Start with the line that holds "Libníkovice - spomenik raspeću sa zvonikom". Please copy it and each remaining line below exactly, leaving pictures out.

Data segment:
—————

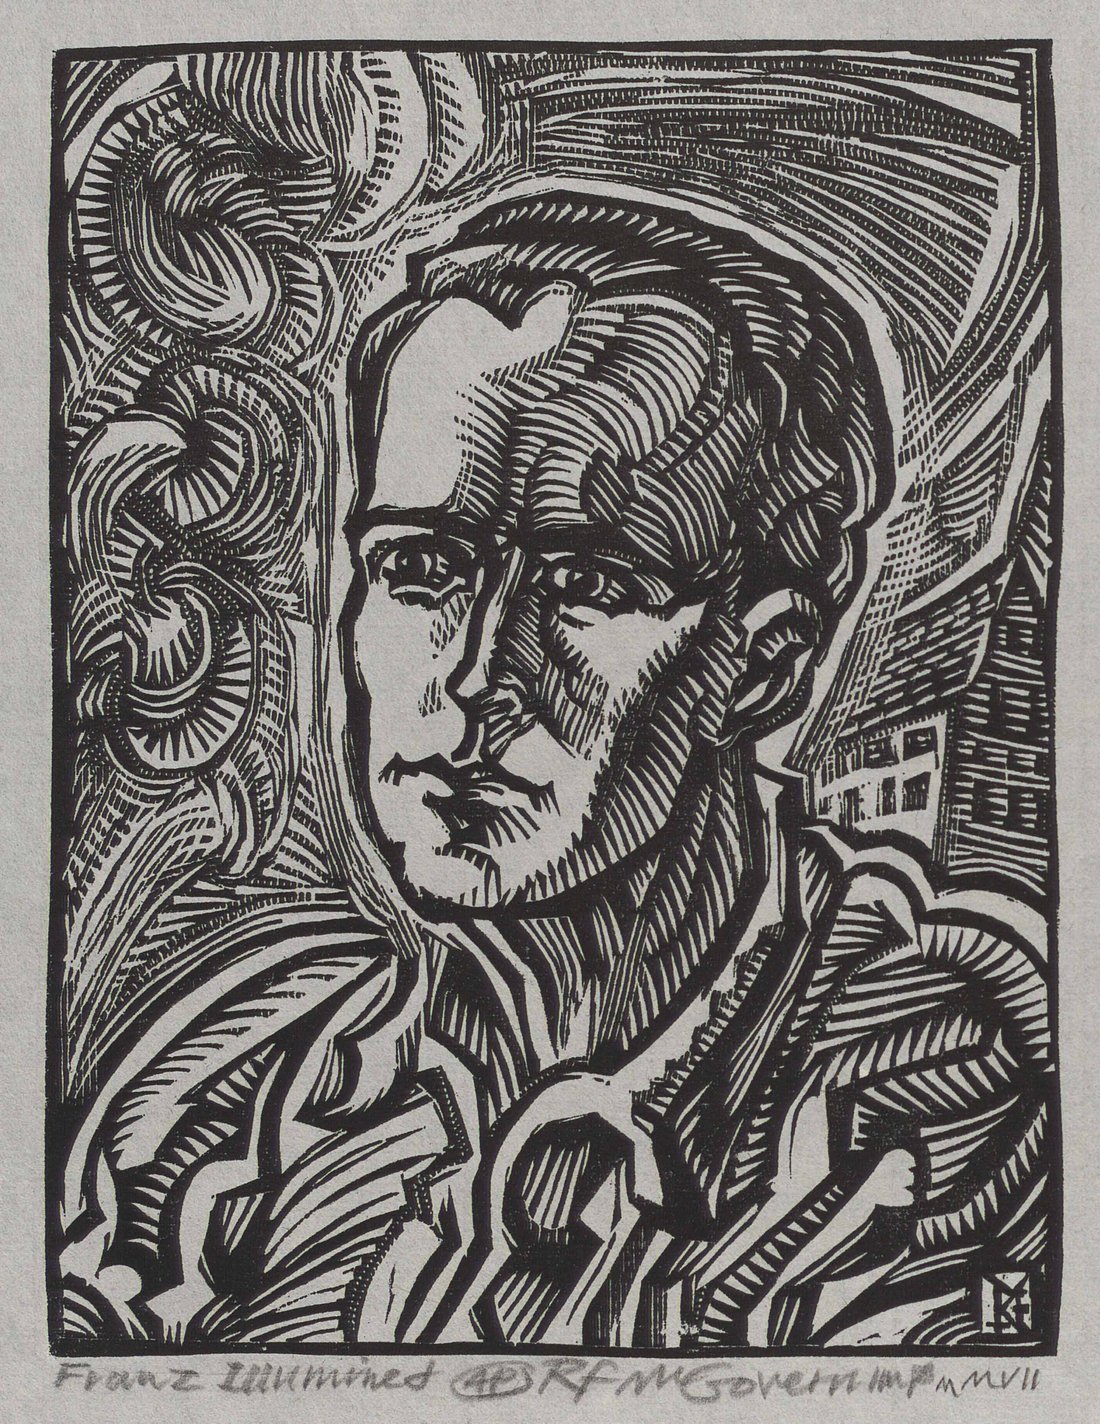 Holzschnitt Robert McGovern "Franz Illumined", (c) Diözese Linz.
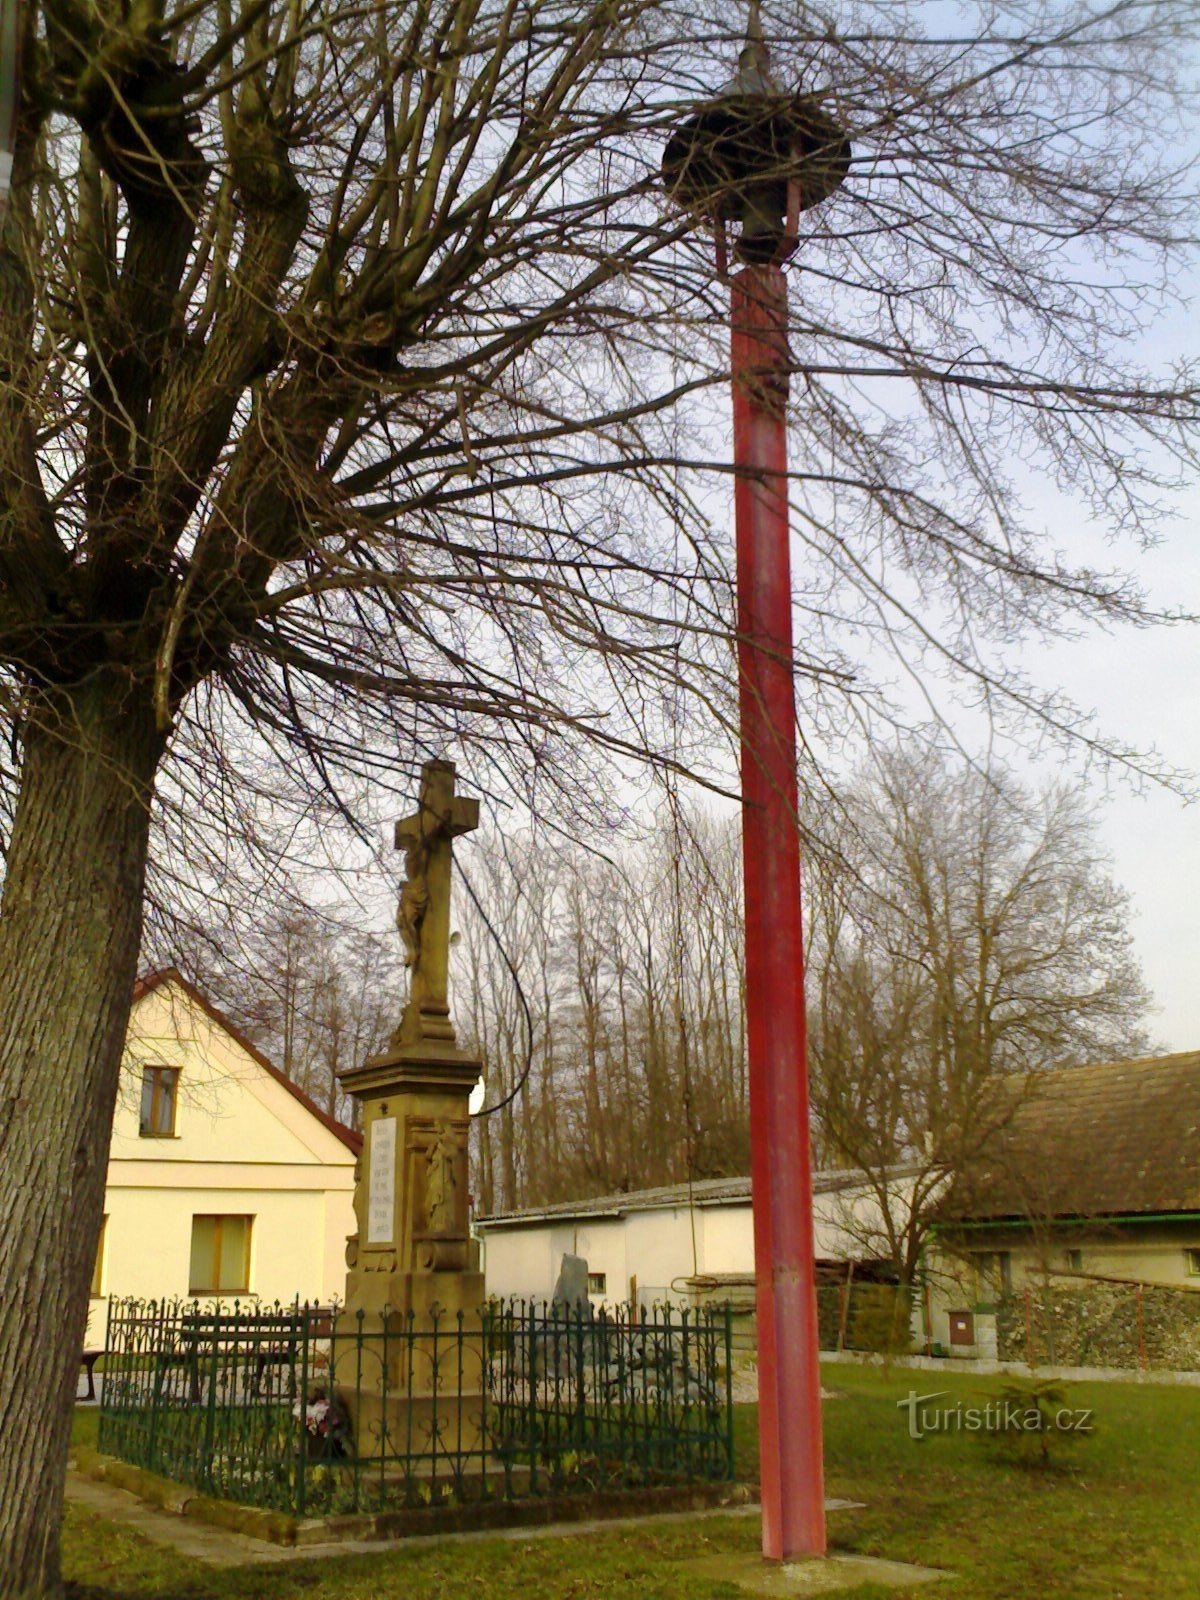 Libníkovice - spomenik raspeću sa zvonikom
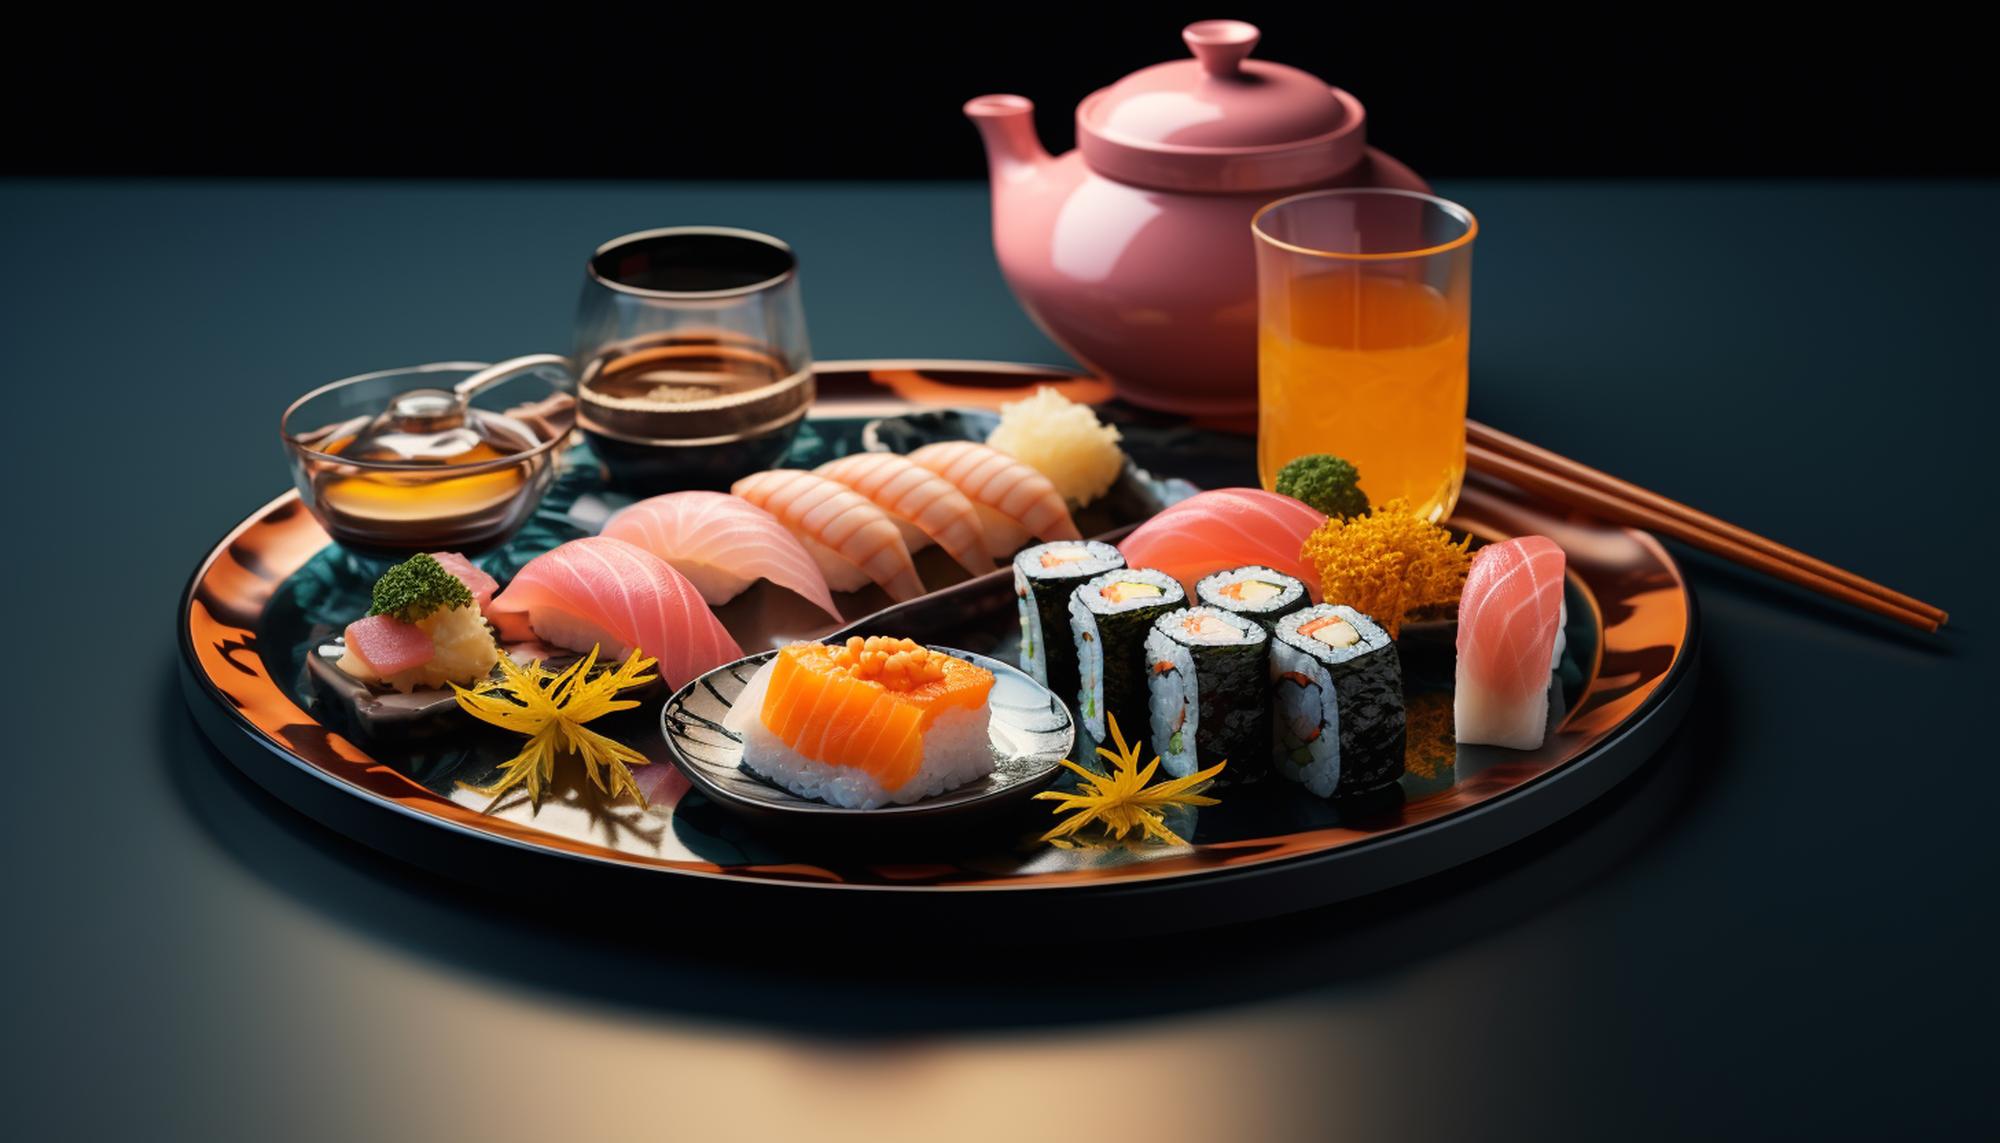 Фото суши с различными вкусами
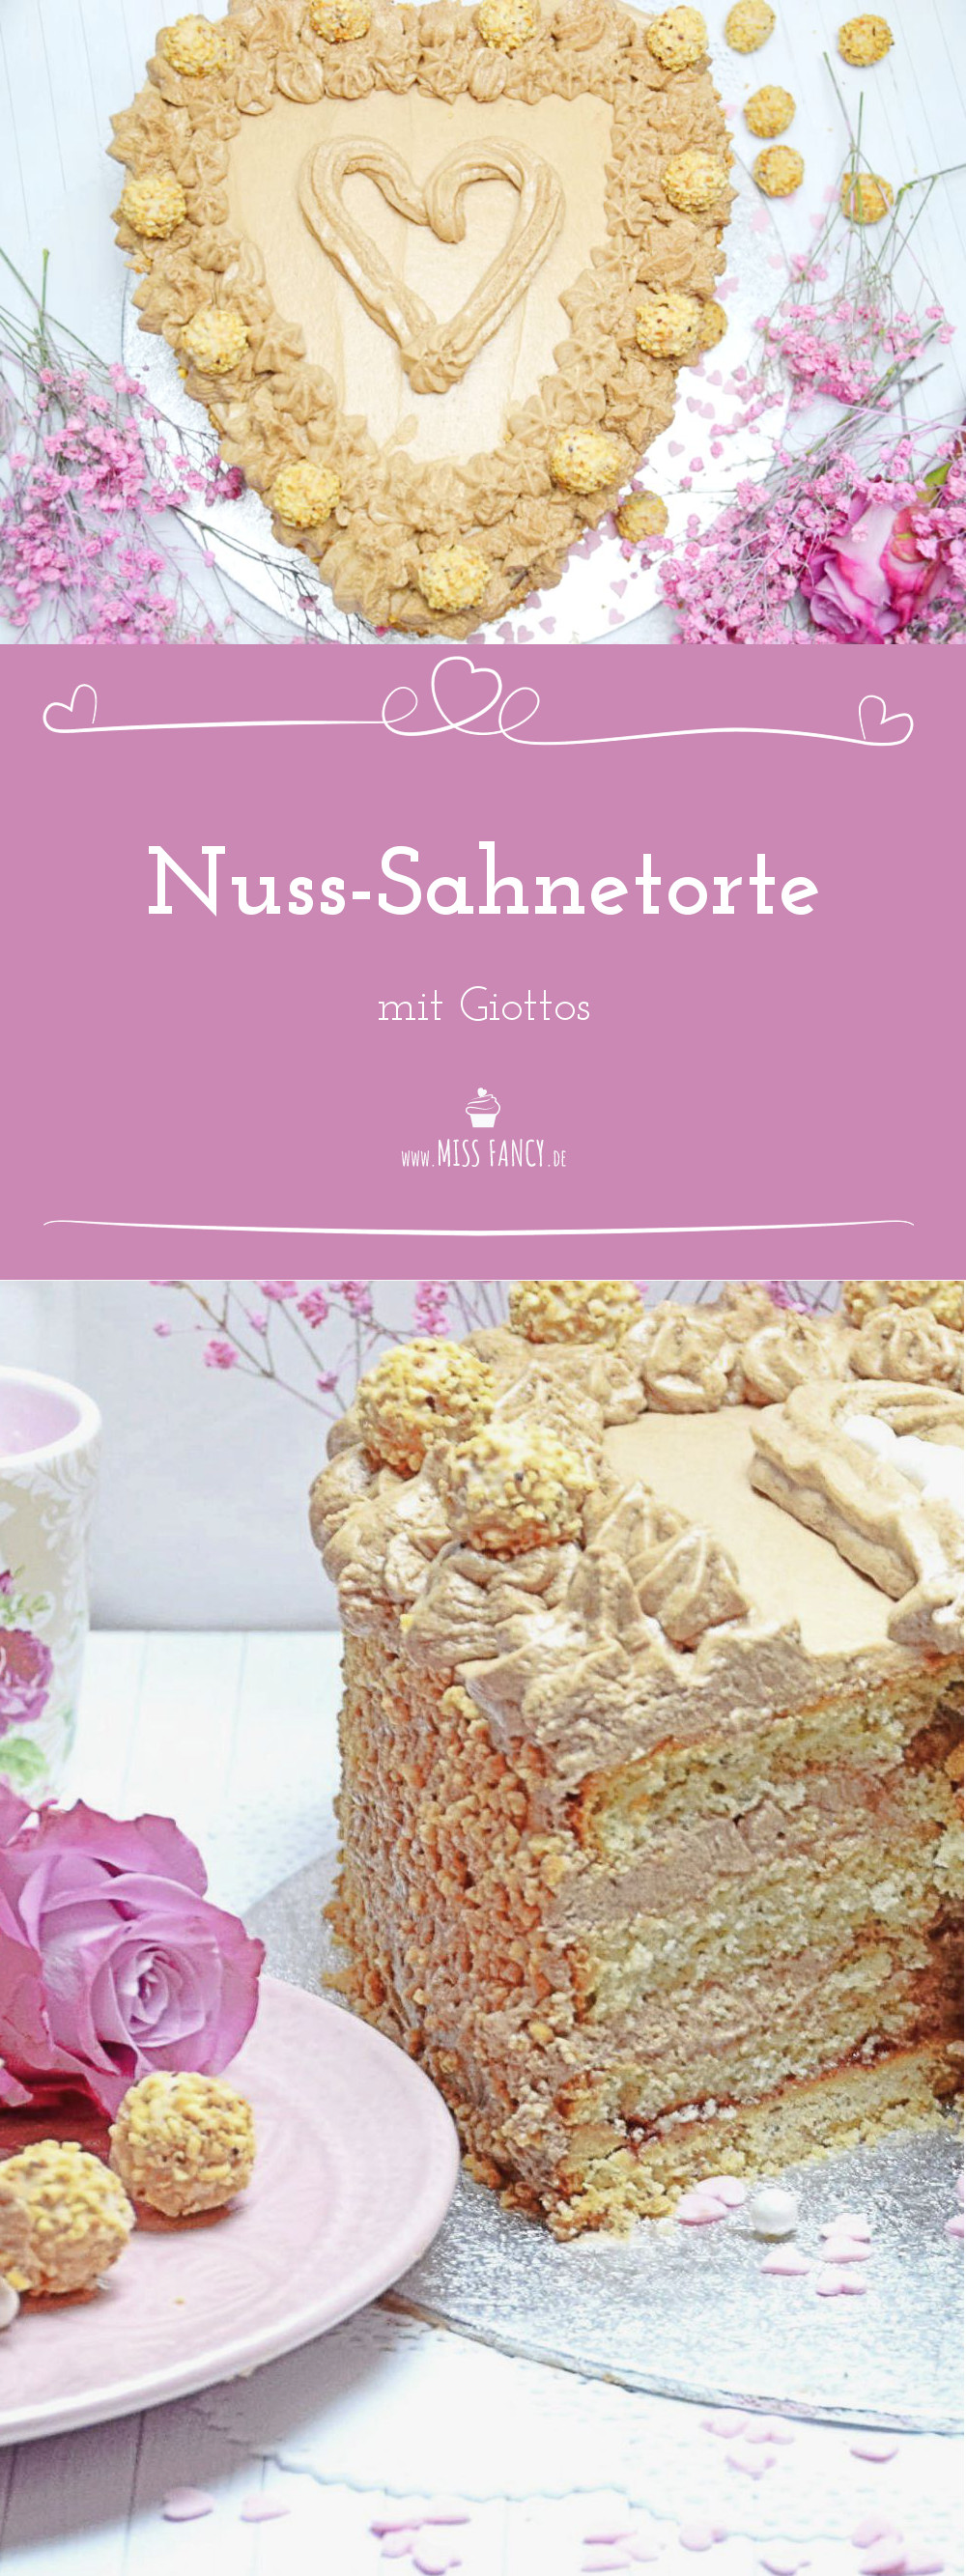 Nuss-Sahne-Torte mit Giottos

—————

Solution:
 Libníkovice - spomenik raspeću sa zvonikom
 Фото суши с различными вкусами
 Nuss-Sahne-Torte mit Giottos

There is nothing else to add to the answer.